Узнав все эти сведения, и основательно проверив их, воры постановили: завалить этого хлюпика. И не только потому, что оскорбил этот человек одного из членов их «клана», а потому, что больше всего на свете воры ненавидят и презирают проституток и спекулянтов. Алика они сразу определили коротким и выразительным словом «кот» и решили: уберем, чтоб другим было неповадно. Но в тот самый день, когда выслеженный и, казалось, уже обреченный Алик должен был держать ответ, на квартиру, где он обитал у очередной своей возлюбленной, прибежал пацан с запиской. Через пятнадцать минут Алик был уже на вокзале. Воры догадывались, кто предупредил его, но претензий к Анке не предъявляли: черт с ней, если влюблена как кошка. Да не очень-то было интересно ворам пускать в ход финку — как-никак, а «мокрое дело»…

А потом началась война, и как ни ловчились многие, а пришлось им сменить щегольские сапожки на грубые кирзовые солдатские сапоги. Многие погибли на фронте безвестными защитниками отечества, встретив свою смерть новым рождением, некоторые заслужили награды, смыв позорное свое прошлое. Но были и такие, что бежали с эшелонов, с передовой, во время переформировки воинских частей. Они приходили на старые квартиры, искали старых друзей. У некоторых было и оружие. Бандитов ловили и судили по законам военного времени. И теперь им уже не приходилось отделываться «детскими сроками» в три года. И к длинному перечню их преступлений прибавлялось еще одно, самое страшное — преступление против родины и народа. Семь граммов свинца было слишком большим милосердием для них.
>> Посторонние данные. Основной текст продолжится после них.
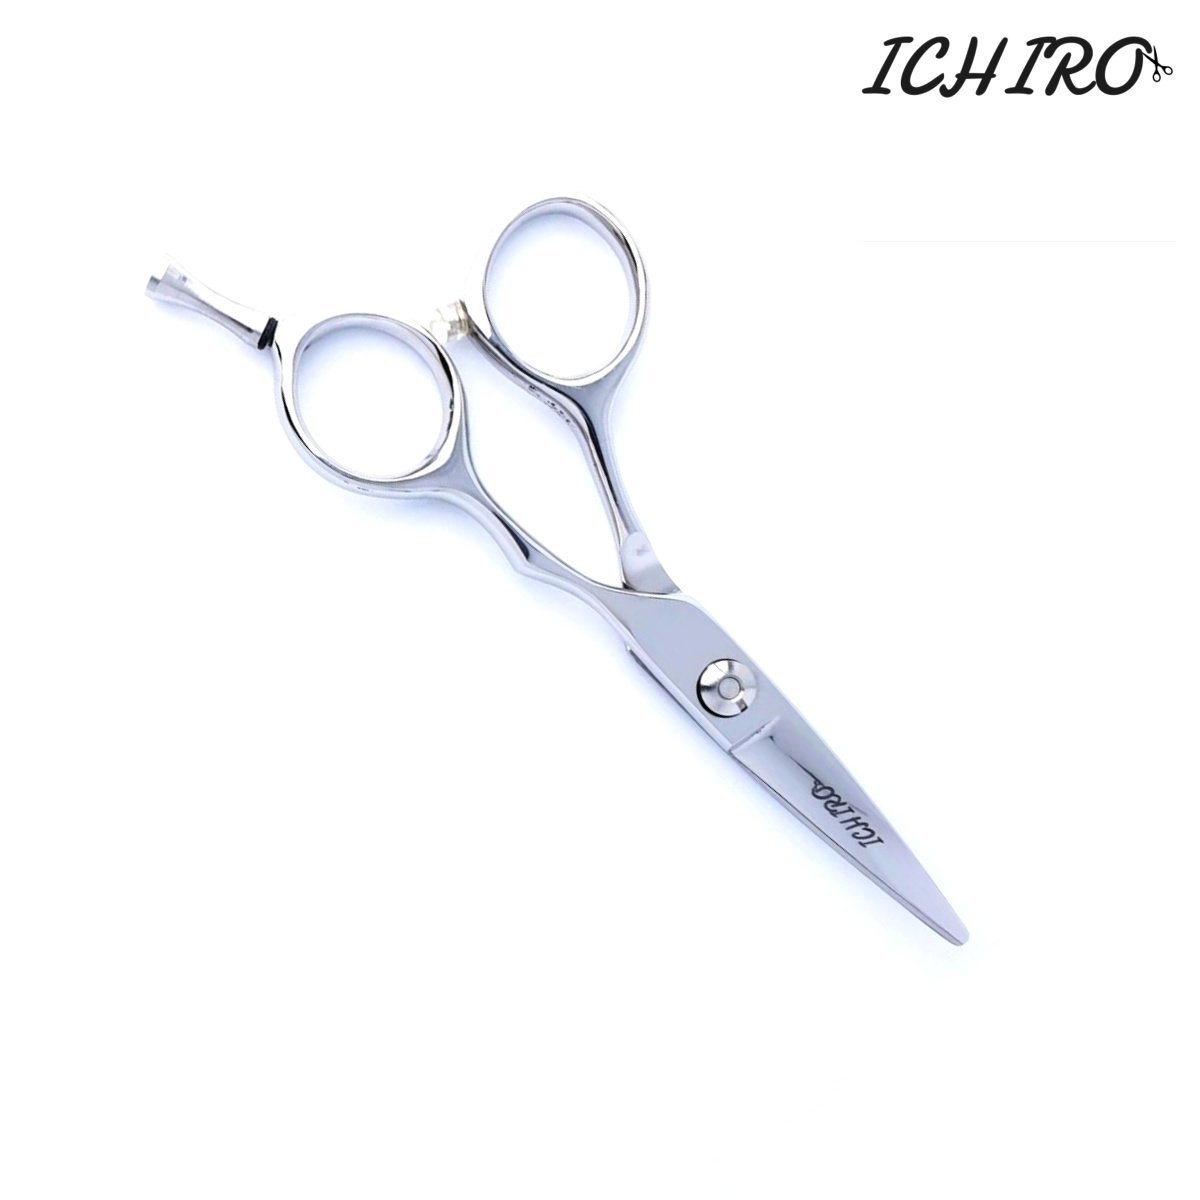 The Ichiro Ichiko Travel Hair Scissors

Знала Черная и таких, которые старались срок схватить и в тюрьму сесть — лишь бы не на фронт.

Но Анке Черной было не до дезертиров и предателей, как не было ей дела и до героев.

Девочка… Маленькая, с посиневшим лицом. Анка успела бросить на нее взгляд — первый и последний в жизни взгляд, отуманенный слезами и болью. Девочка… Она мечтала о ней. Девочка будет красавицей… Недаром так долго искала и наконец нашла Анка отца своему будущему ребенку, своей девочке. Она будет красавица и умница. Она никогда не узнает, что мать ее была воровкой. Анка давно все рассчитала. И не только были рассчитаны до последней копейки скопленные деньги — была рассчитана сама жизнь: по дням, месяцам и годам. Девочка будет расти, не зная, кем была ее мать. Анка уедет подальше от Москвы и десять лет проживет в глуши. О, она умеет работать! У нее ловкие руки и железное здоровье. И девочка будет расти — чистая, красивая, ласковая. А потом… Где-то в огромном зале, залитом огнями, сверкающем позолотой и алым бархатом, в первых рядах будет сидеть Анна Воропаева и смотреть на сцену, еще закрытую тяжелым занавесом. А когда занавес медленно раздвинется, на эстраду выйдет стройная, высокая, синеглазая — она! И зал притихнет, и погаснут огни, и все перестанут дышать.

…И очи синие, бездонные

Цветут на дальнем берегу.,

Анка чуть слышно простонала сквозь стиснутые зубы. Нет… Никого и — ничего. Нет девочки, нет любви, нет счастья. Все врут книги! Нет ничего, что могло бы заставить глаза Анки затеплиться тихим светом, нет человека, которому можно было рассказать о своей тоске, о своем одиночестве. Теперь уже Анка не читает книг — она ненавидит их. Там всегда все хорошо кончается. А разве в жизни бывает так? А раз не бывает, — значит, все равно! Чужие комнаты, чужая постель, чужой уют — за деньги, приобретенные воровским промыслом. Камеры, кабинеты следователей, этапы, лагеря… Ну, так черт с ним со всем — и с жизнью, которую знает Анка, и с жизнью, которой обманывали ее книги!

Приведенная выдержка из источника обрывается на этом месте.